Wang, Kun. Closing the reality gap for controlling tensegrity robots via differentiable physics engines. Retrieved from https://doi.org/doi:10.7282/t3-yw18-h780
DescriptionTensegrity robots, a kind of soft robots that are composed of rigid rods and flexible cables, are difficult to accurately model and control given the presence of complex dynamics and high number of DoFs. Learning policies in simulation is promising for reducing human effort when training robot controllers. This is especially true for soft robots that are more adaptive and safe but also more difficult to accurately model and control. The reality gap between the simulator and the real robot is the main barrier to successfully transfer policies. System identification can be applied to reduce this gap but traditional identification methods require a lot of manual tuning. Data-driven alternatives can tune dynamical models directly from data but are often data hungry, which also incorporates human effort in collecting data.
This work proposes a novel differentiable physics engine to close the reality gap for tensegrity robots.
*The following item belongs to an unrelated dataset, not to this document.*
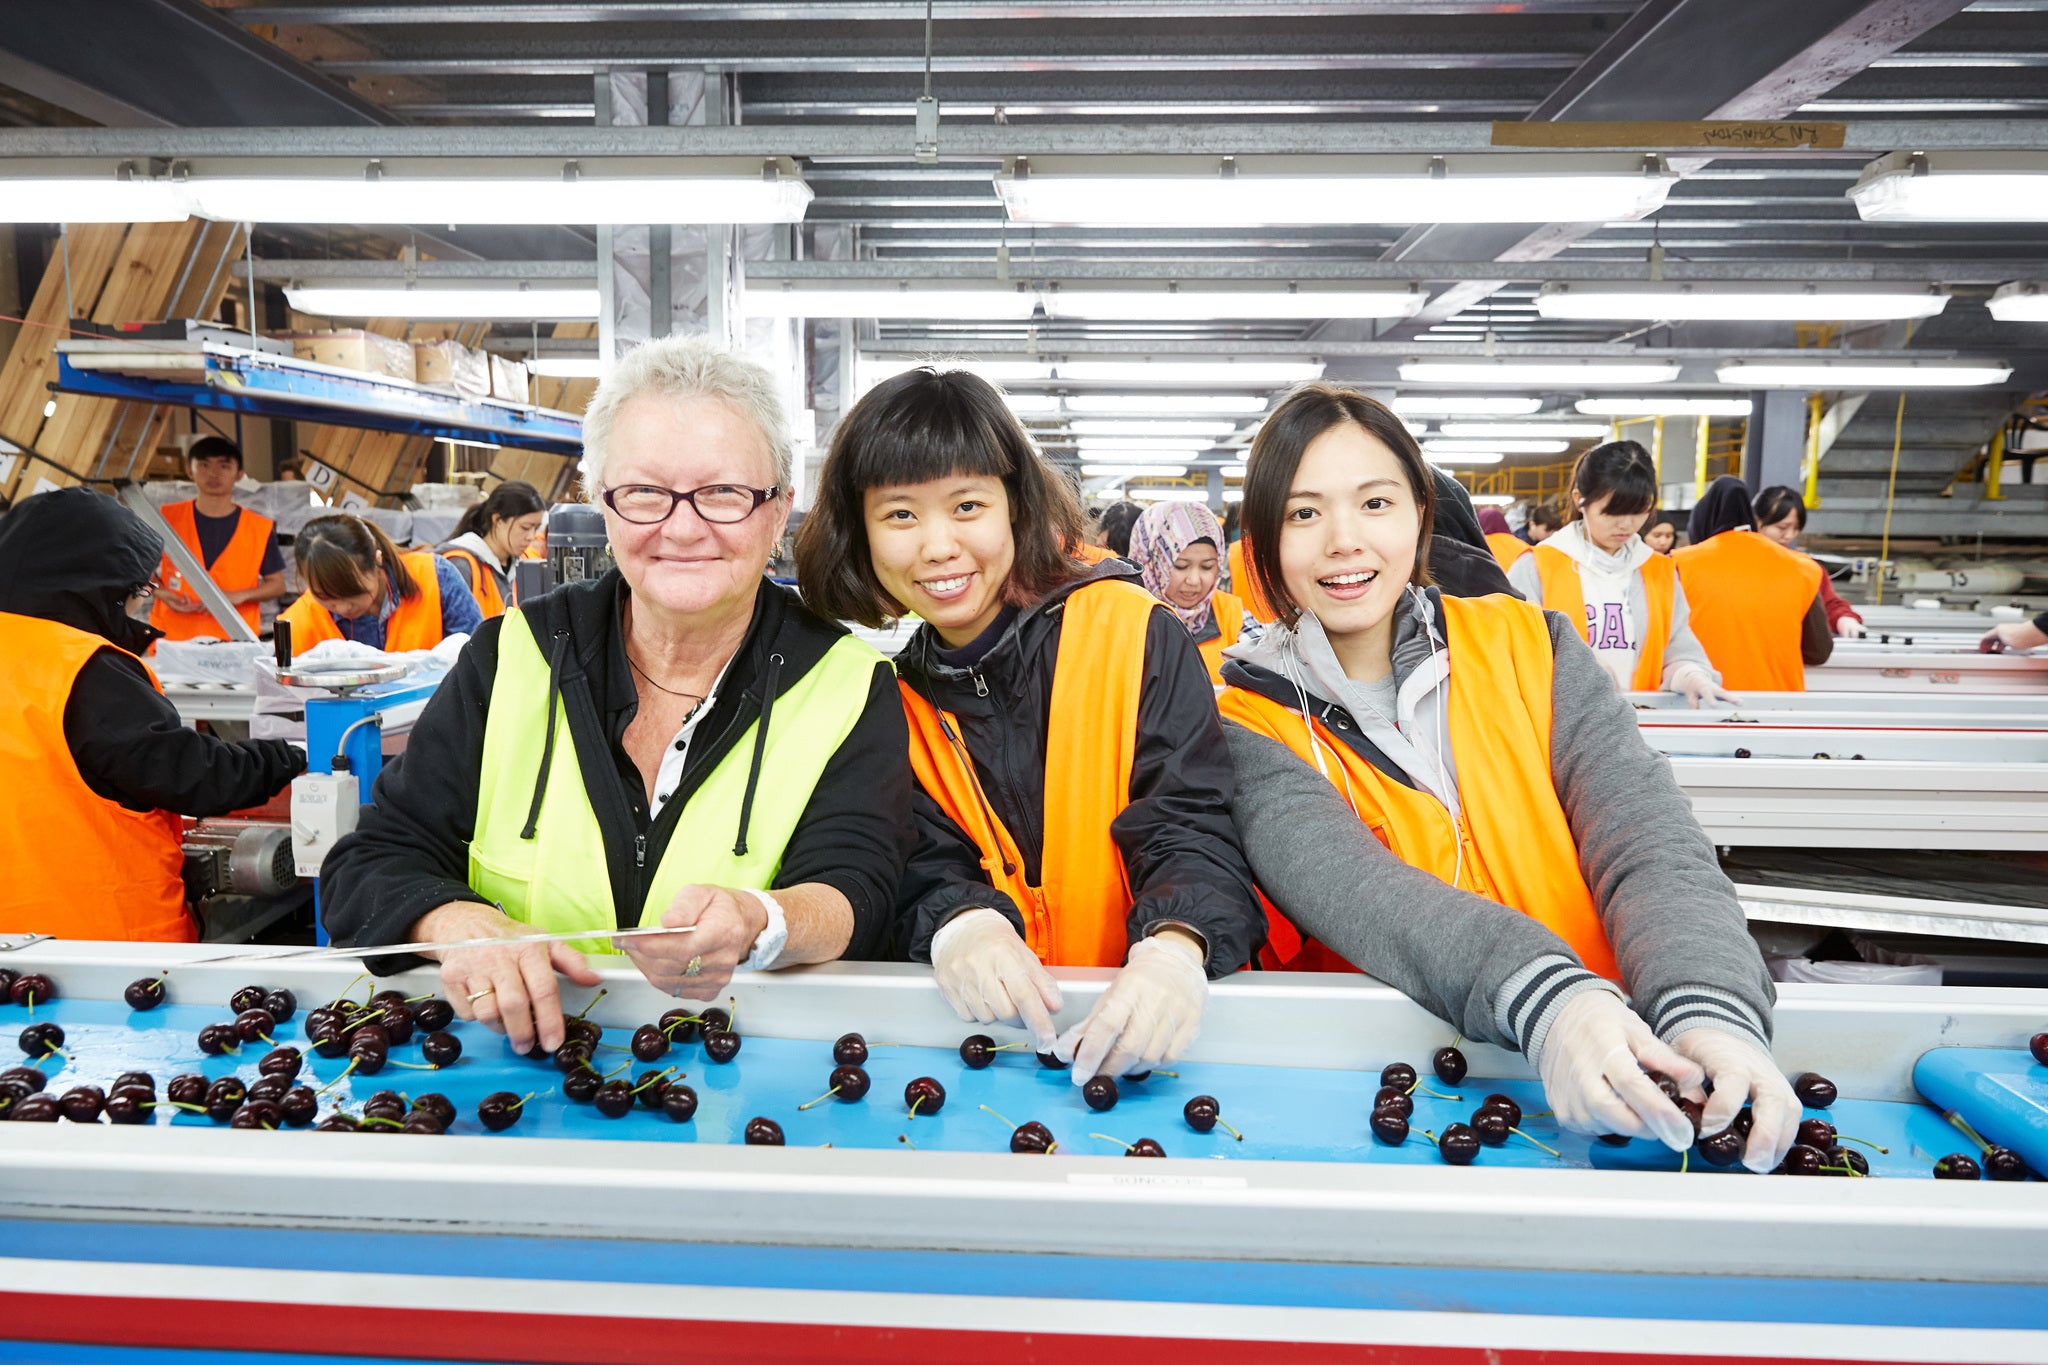 Koala Cherries employees smiling sorting cherries in the packing shed

Unlike black-box data-driven methods for learning the evolution of a dynamical system and its parameters, it modularizes the design using a discrete form of the governing equations of motion, similar to a traditional physics engine. The dimension is further reduced from 3D to 1D for each module, which allows efficient learning of system parameters using linear regression. As a side benefit, the regression parameters correspond to physical quantities, such as spring stiffness or the mass of the rod, making the pipeline explainable. The aim is to develop a reasonably simplified, data-driven simulation, which can learn approximate dynamics with limited ground truth data. The dynamics must be accurate enough to generate policies that can be transferred back to the ground-truth system. Benefiting from its recurrent structure, the engine can also be trained from low frequency data, which mitigate the gap between inner simulation and outer observation. Finally, a Real2Sim2Real pipeline is provided to close the loop to collect data from a real robot, identify the simulator, generate policies, and transfer the policies back to the real robot.